Sérgio Godinho, Escritor de Canções (*)
"Mútuo Consentimento" é o novo trabalho de Sérgio Godinho, disponível em CD ou na iTunes Store, acompanhado de um fantástico "digital booklet". O sobressalto tecnológico cai bem a Sérgio Godinho e aos assessores que com ele assinam este trabalho, alguns mais habituais que outros. Fazer "download" de Godinho é ver a tecnologia tremer do sobressalto de se sentir ultrapassada; o poeta nascido no Porto em 1945 é um clássico, condenado a ultrapassar a sua época, a língua portuguesa em plena elevação e maturidade criativa e popular, a negação total do autoreferenciamento que por aí disfarça a completa falta de imaginação em que se arrasta, insular, o mercado "eterno adolescente" da música portuguesa.

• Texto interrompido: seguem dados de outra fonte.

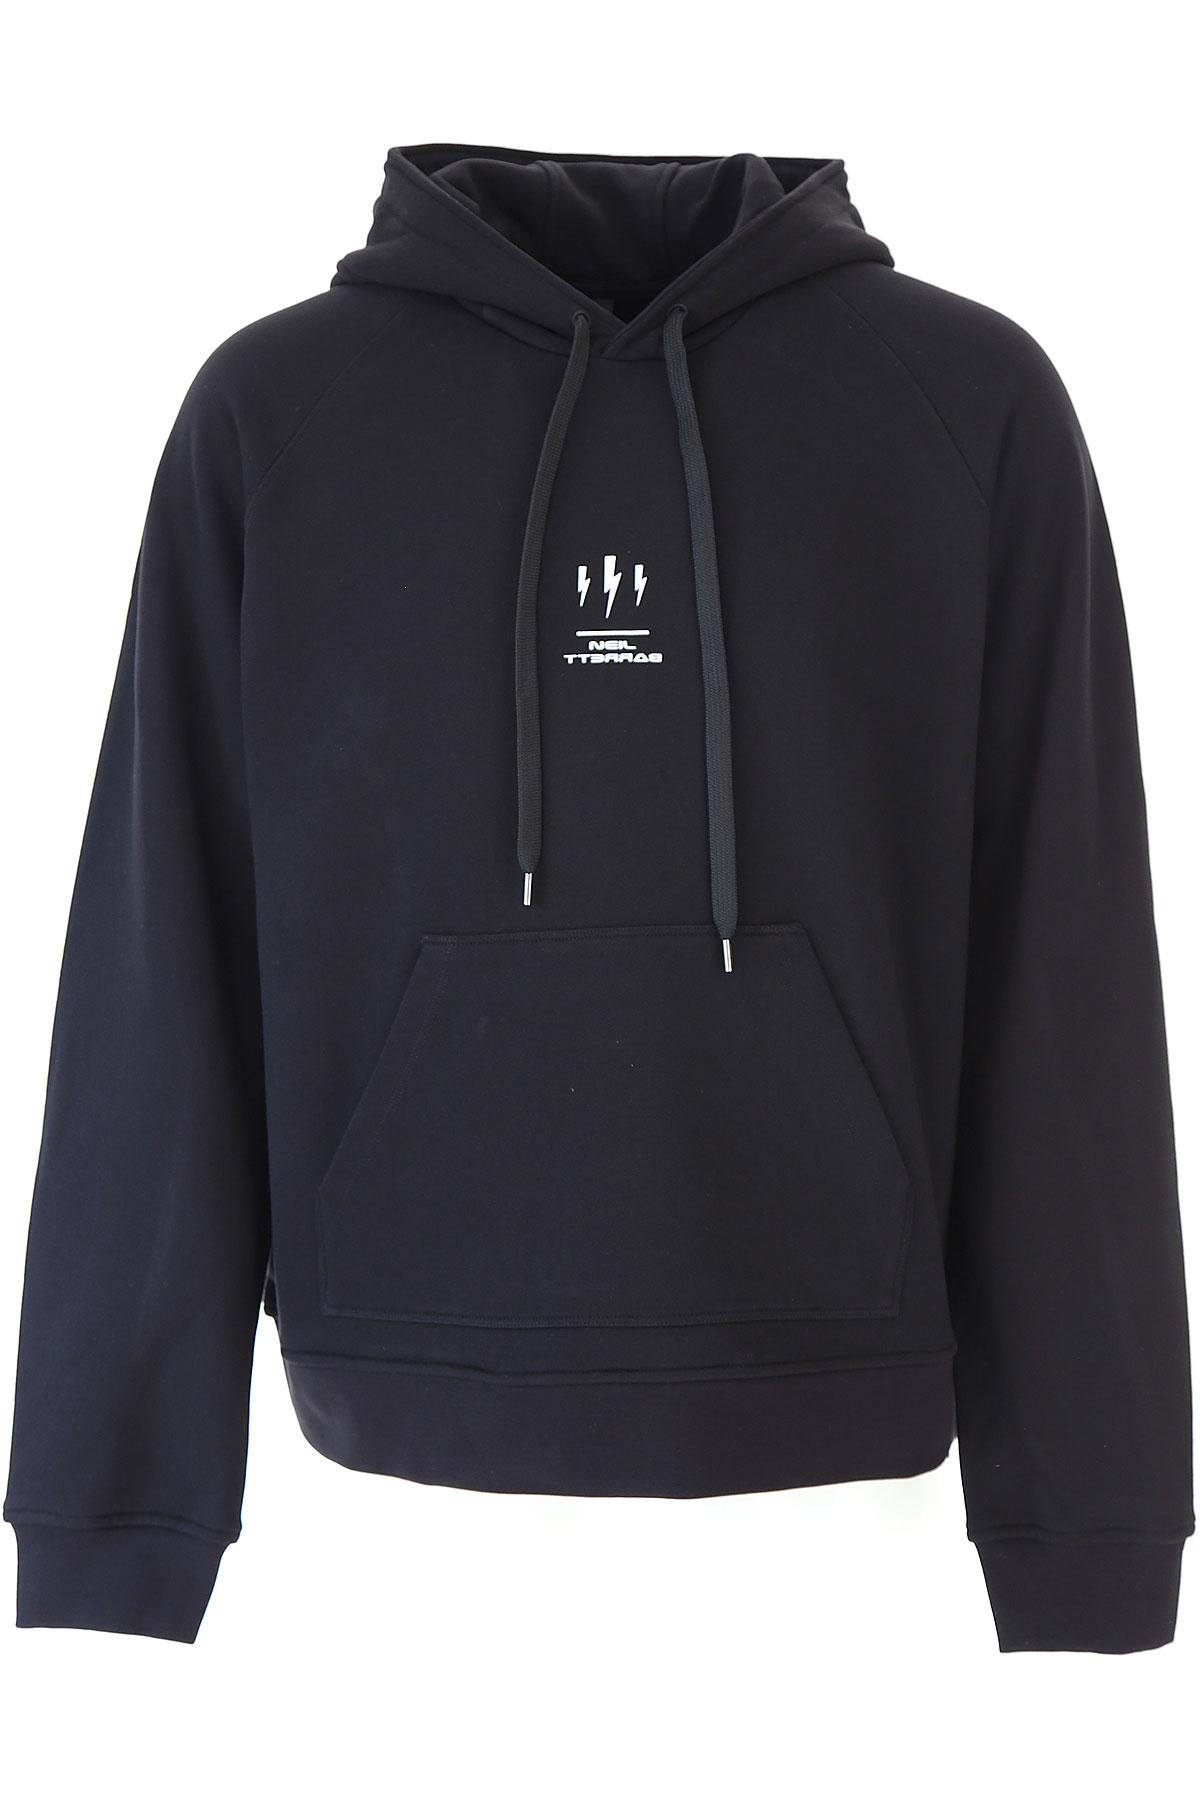 Neil Barrett Sweatshirt for Men On Sale, Black, Cotton, 2019, L M S

O disco é atravessado por uma massa de sons feitos de e para as palavras, consistentes, que ora se dispersam para formas mais voluptuosas nos temas ditos "românticos", ora se solidificam e ganham gravidade na sensibilidade cinematográfica com que são sublimados os temas da cidade, da insónia, do despojamento, da precariedade. Alguns dos arranjos e produção do lado mais óbvio do disco situam-se num território de referências pop claras e inequívocas, com escolhas inteligentes, sintéticas, cirúrgicas às vezes. À sexta faixa soam as primeiras notas do piano de Bernardo Sassetti, autor da música para o poema "Dias Consecutivos".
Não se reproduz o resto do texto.